Record-breaking temperatures across Europe have forced people to sleep in a Finnish supermarket, uncovered a piece of World War II history in Ireland and are making it harder to battle the wildfires that have been raging in Spain and Portugal for days. Forecasters are promising some respite over the next 24 hours, however, as rain in Scandinavia and thunderstorms across the United Kingdom help bring temperatures down.
In Portugal, an oppressive four-day wildfire in the south of the country flared up again Tuesday, a day after the Portuguese Civil Protection Agency said firefighters had contained some 95 percent of the blaze.
More than 1,100 firefighters were deployed to fight the wildfires near popular tourist spots with the help of 13 aircraft, including two large Canadair water-dropping planes from Spain, according to the Associated Press.
France is still in the midst of a heat wave, with temperatures in Paris hitting 97 degrees. French publication The Local dubbed today "Terrible Tuesday" as temperatures in some parts of the country were expected to hit 99 degrees. The Local reports traffic is being curbed in both Lyon and Paris to try to reduce air pollution.

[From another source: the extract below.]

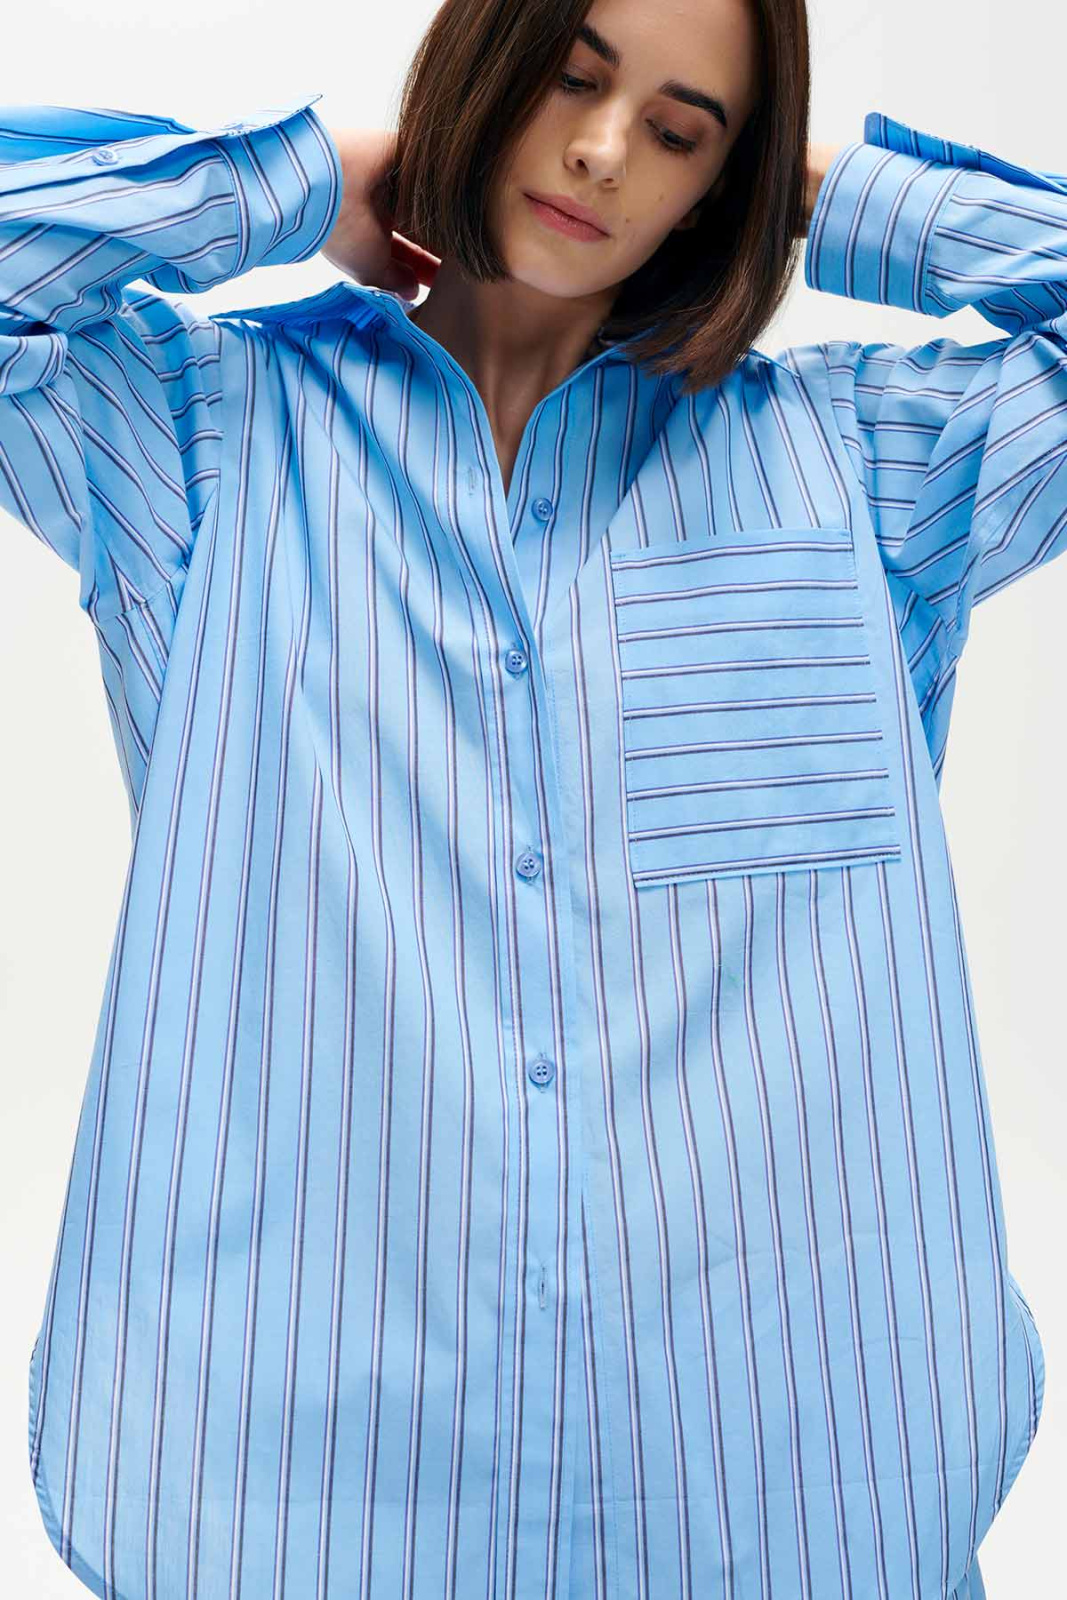 Kora Stripes Shirt Blue Outlet Elementy

France's national weather service said this heat wave could be among the "top three" hottest on record.
In Spain, more than 2,000 people have been evacuated in the Valencia region due to almost a dozen separate wildfires. The death toll from the heatwave in Spain rose to seven after a German man died of heatstroke on the Camino de Santiago pilgrimage over the weekend, AFP reported.

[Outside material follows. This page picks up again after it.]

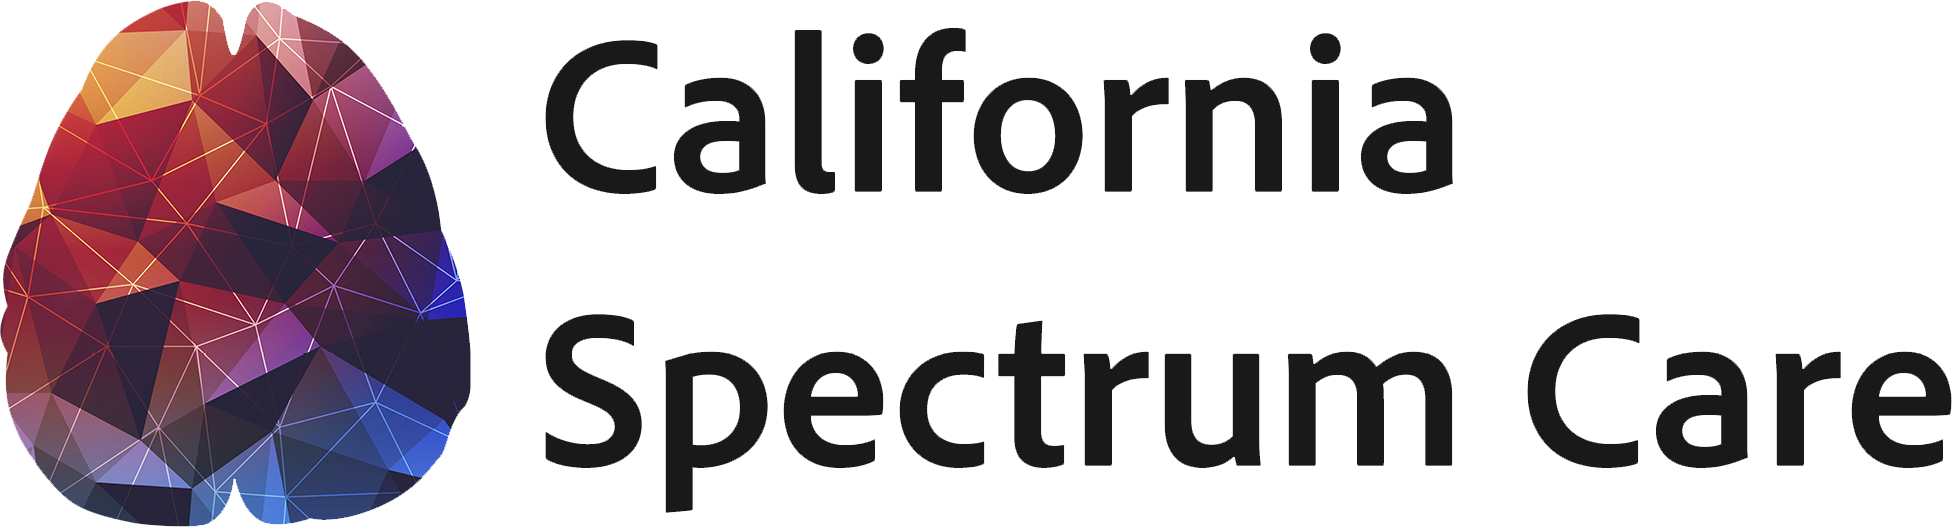 California Spectrum Care

Water levels in the Netherlands' famous canals and dams are so low that seawater is now seeping into waterways, according to AFP.
Wildfires in Sweden are finally under control after rainstorms Monday night. And in Finland, one Helsinki supermarket opened its doors last weekend to customers seeking refuge from the heat, according to a video posted to the store's Facebook page. On Saturday night, 100 people slept in the cool aisles next to the frozen vegetables.

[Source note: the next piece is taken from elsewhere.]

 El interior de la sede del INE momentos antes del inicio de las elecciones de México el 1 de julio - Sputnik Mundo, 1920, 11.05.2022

In Greece, temperatures have finally cooled down but the death toll in last month's wildfire northeast of Athens rose to 91 when a 95-year-old woman died of her injuries, officials told AFP.
In Ireland, wildfires have revealed a World War II-era "Eire" signal, under the charred brush, designed to signal to air crews that they were over neutral Irish territory. The word Eire means Ireland in the Irish language. The Defense Forces Air Corps noticed the landmark while helping fight the fires.
Fires on Bray Head expose amazing World War 2 landmarks. The fires exposed the old Eire 8 sign,which is in reasonable condition. Photos courtesy of the Garda Air Support Unit, which is a mixed unit operated by Air Corps Pilots and Garda specialists. @gardainfo @opwireland pic.twitter.com/4vvg3HIjQv— Irish Air Corps (@IrishAirCorps) August 4, 2018
Meanwhile, in England, people are eagerly awaiting the thunderstorms forecast for Tuesday evening to help cool things off.
The Met Office, the U.K.'s national weather service, issued a yellow alert for the southeast of the country, warning that "frequent lightning may occur, along with heavy rain."
The weather agency added that "large hail and sudden strong gusts of wind" are also likely to hit eastern England.